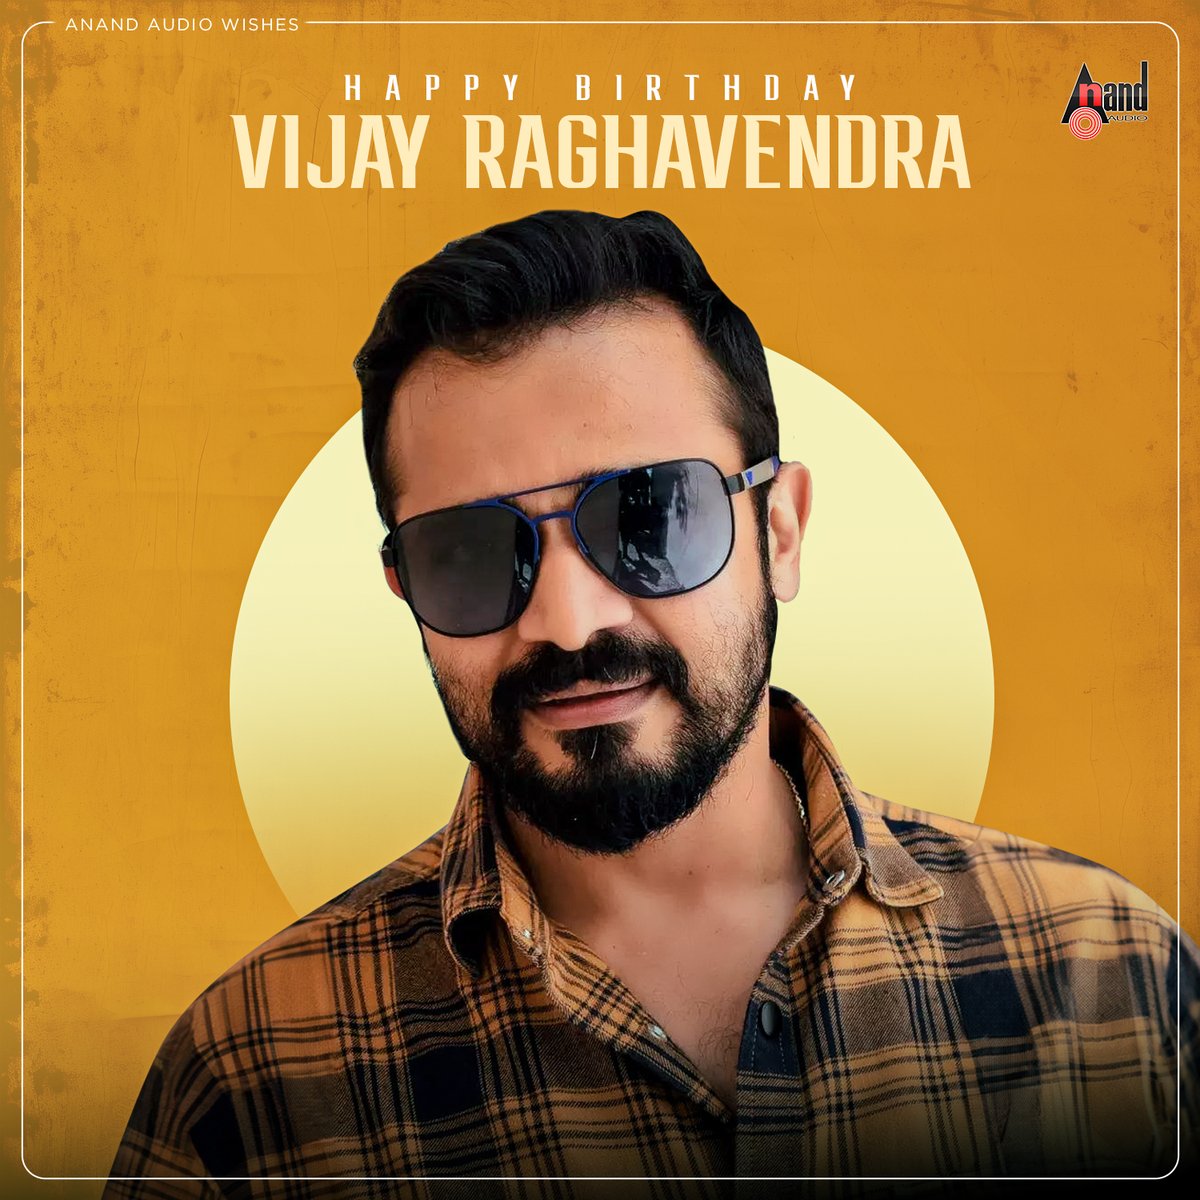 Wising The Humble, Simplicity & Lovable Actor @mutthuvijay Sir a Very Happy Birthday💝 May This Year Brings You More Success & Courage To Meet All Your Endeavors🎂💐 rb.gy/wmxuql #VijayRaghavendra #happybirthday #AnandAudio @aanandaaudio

++++

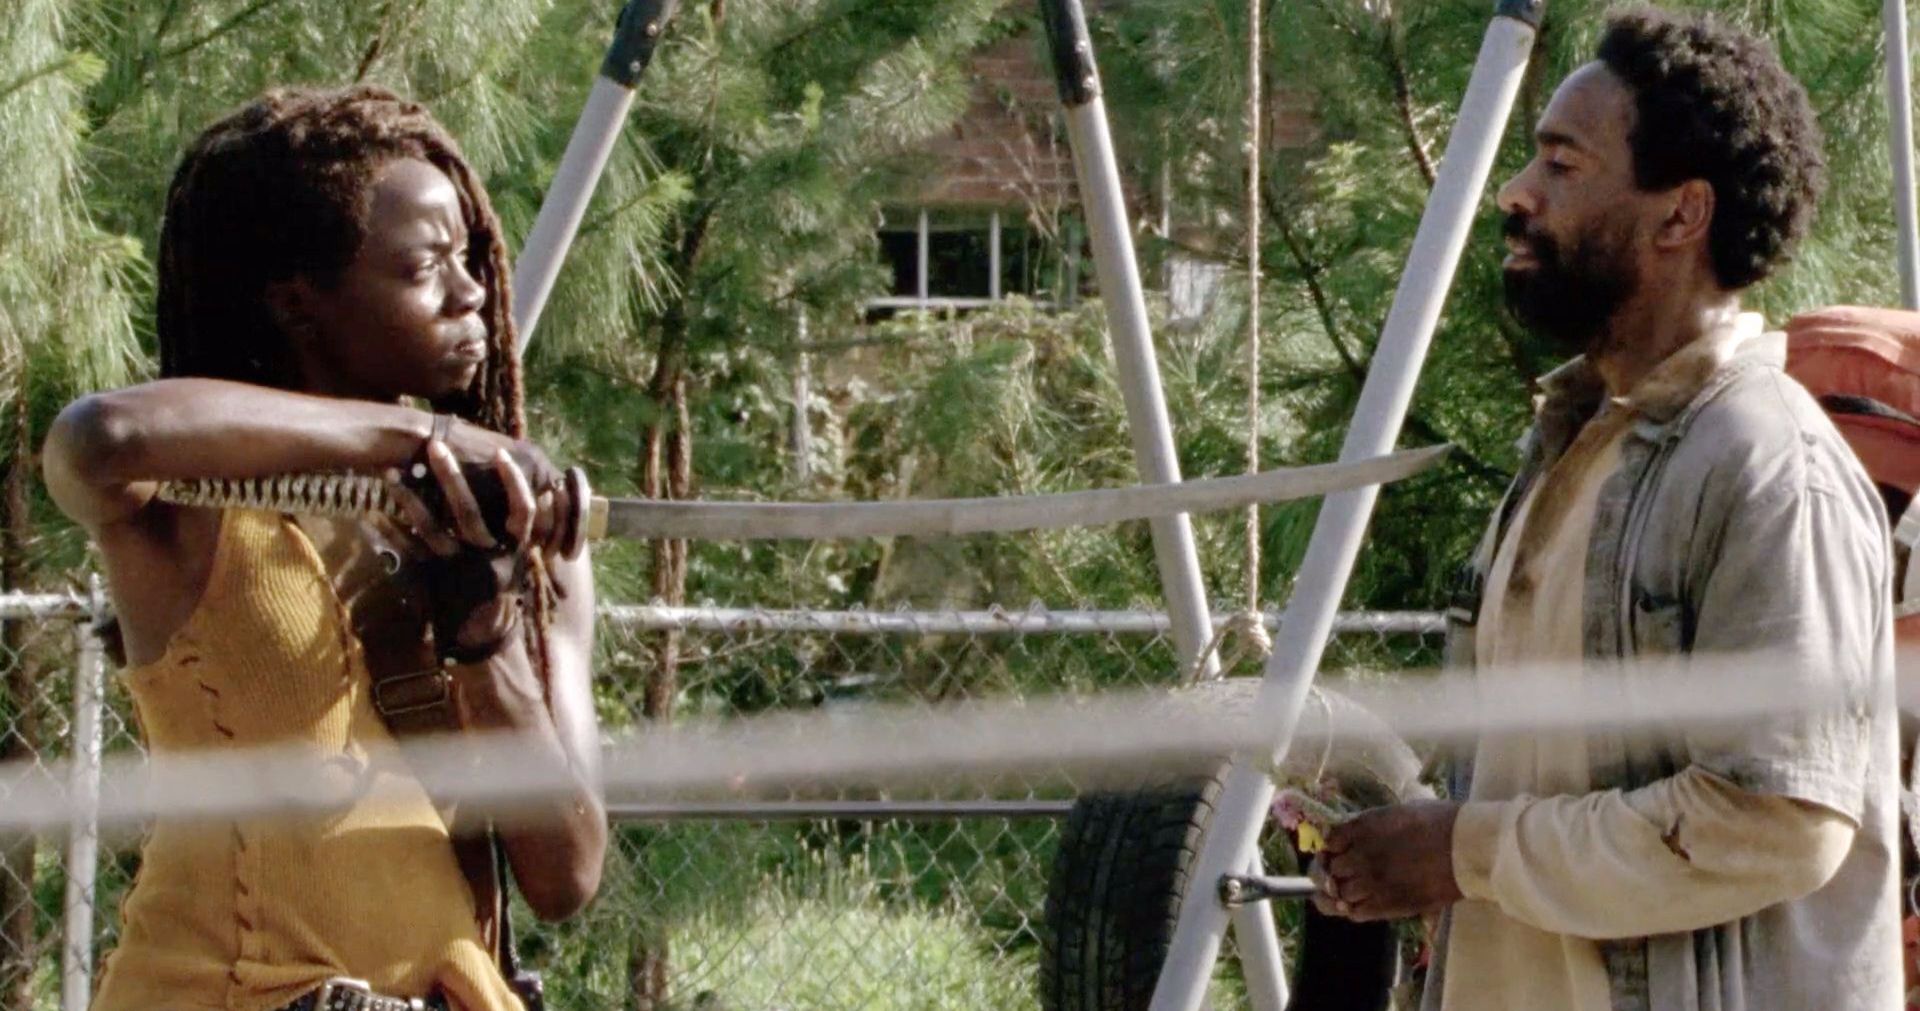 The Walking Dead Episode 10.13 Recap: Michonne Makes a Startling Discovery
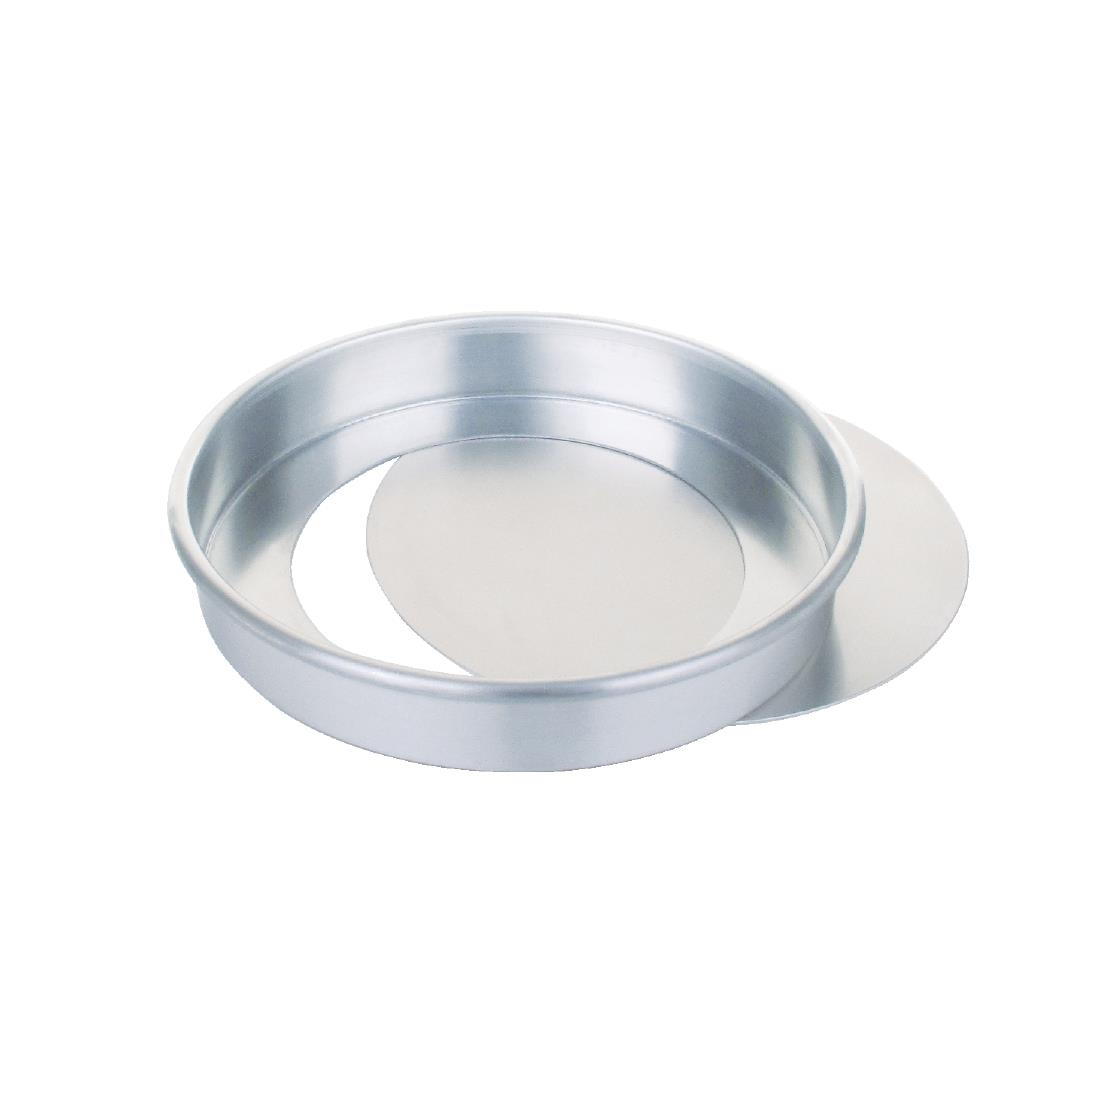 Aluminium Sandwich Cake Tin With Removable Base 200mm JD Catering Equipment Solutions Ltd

++++

- **TASK**
Whatever pictures the records hold, omit them; give again exactly the lines from the one containing "The Walking Dead" through the one containing "Aluminium Sandwich Cake".

- **TASK RESPONSE**
 The Walking Dead Episode 10.13 Recap: Michonne Makes a Startling Discovery
 Aluminium Sandwich Cake Tin With Removable Base 200mm JD Catering Equipment Solutions Ltd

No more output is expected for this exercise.